A very common pattern — frequency count:

# Count occurrences and sort by frequency (most common first)
sort file.txt | uniq -c | sort -rn

cut — Extract Columns/Fields#

# By field (delimiter-based)
cut -d: -f1 /etc/passwd          # field 1, delimiter :
cut -d: -f1,7 /etc/passwd        # fields 1 and 7
cut -d: -f1-3 /etc/passwd        # fields 1 through 3
cut -d, -f2 data.csv             # field 2, delimiter comma

# By character position
cut -c1-10 file.txt              # characters 1 through 10
cut -c5- file.txt                # character 5 to end of line
cut -c-20 file.txt               # first 20 characters

cut is simpler than awk for straightforward column extraction but cannot handle variable whitespace (multiple spaces treated as one delimiter). For that, use awk.

wc — Word Count#

wc file.txt                     # lines, words, characters
wc -l file.txt                  # lines only
wc -w file.txt                  # words only
wc -c file.txt                  # bytes only
wc -m file.txt                  # characters only (multibyte aware)
wc -l *.txt                     # line count for each file + total
# Count files in a directory
ls /etc | wc -l

# Count running processes
ps aux | wc -l

tr — Translate or Delete Characters#

tr works character by character. It reads from stdin only (does not accept filenames).

# Replace characters
echo "hello" | tr 'a-z' 'A-Z'          # HELLO (lowercase to uppercase)
echo "HELLO" | tr 'A-Z' 'a-z'          # hello (uppercase to lowercase)

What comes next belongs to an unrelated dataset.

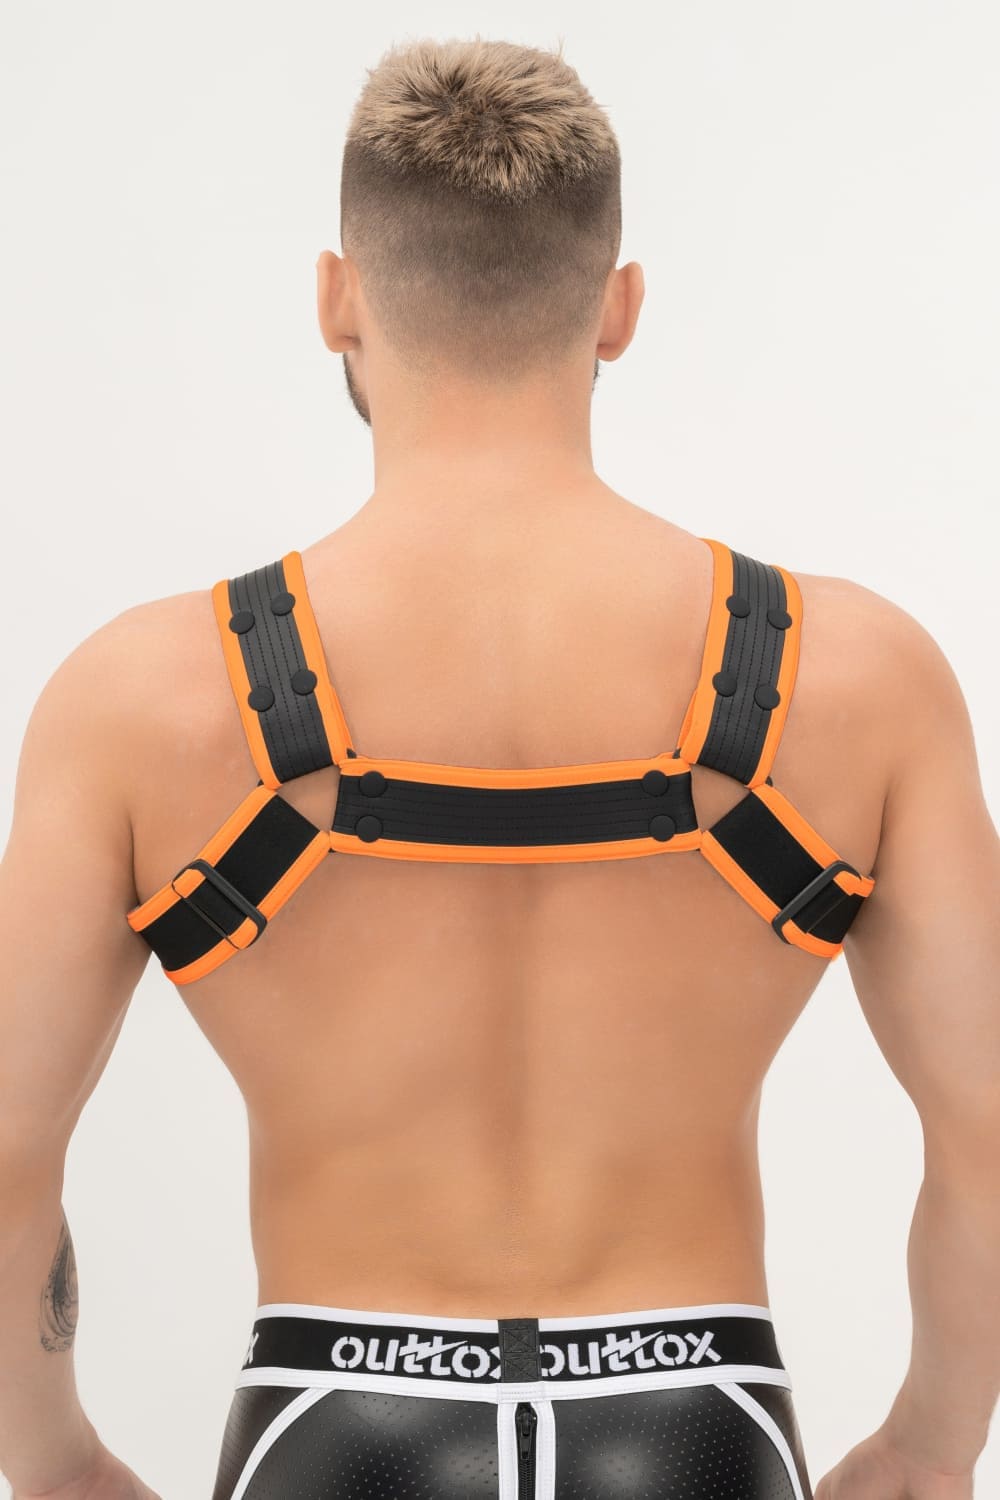 Outtox. Body Harness with Snaps. Black+Orange

# Replace specific characters
echo "hello world" | tr ' ' '_'         # hello_world (space to underscore)
echo "2024-10-15" | tr '-' '/'          # 2024/10/15

# Delete characters
echo "Hello 123 World" | tr -d '0-9'    # Hello  World (delete digits)
echo "hello   world" | tr -d ' '        # helloworld (delete spaces)

# Squeeze repeated characters
echo "heeellooo" | tr -s 'elo'          # helo (squeeze repeated e, l, o)
echo "hello    world" | tr -s ' '       # hello world (squeeze spaces)

column — Format Output into Columns#

# Make output into neat columns
echo -e "Name Age City\nAlice 30 NYC\nBob 25 LA" | column -t
# Name   Age  City
# Alice  30   NYC
# Bob    25   LA

# With a specific delimiter
cat /etc/passwd | column -t -s:

paste — Merge Lines Side by Side#

# Merge two files side by side
paste file1.txt file2.txt

# Use a custom delimiter
paste -d, file1.txt file2.txt

# Merge all lines into one (serial)
paste -s file.txt

# Merge every 3 lines into one
paste - - - < file.txt

head and tail — First and Last Lines#

head -n 5 file.txt               # first 5 lines
head -c 100 file.txt             # first 100 bytes
tail -n 5 file.txt               # last 5 lines
tail -f /var/log/syslog          # follow (live output as new lines are added)
tail -f -n 0 /var/log/syslog     # follow, starting from now (no history)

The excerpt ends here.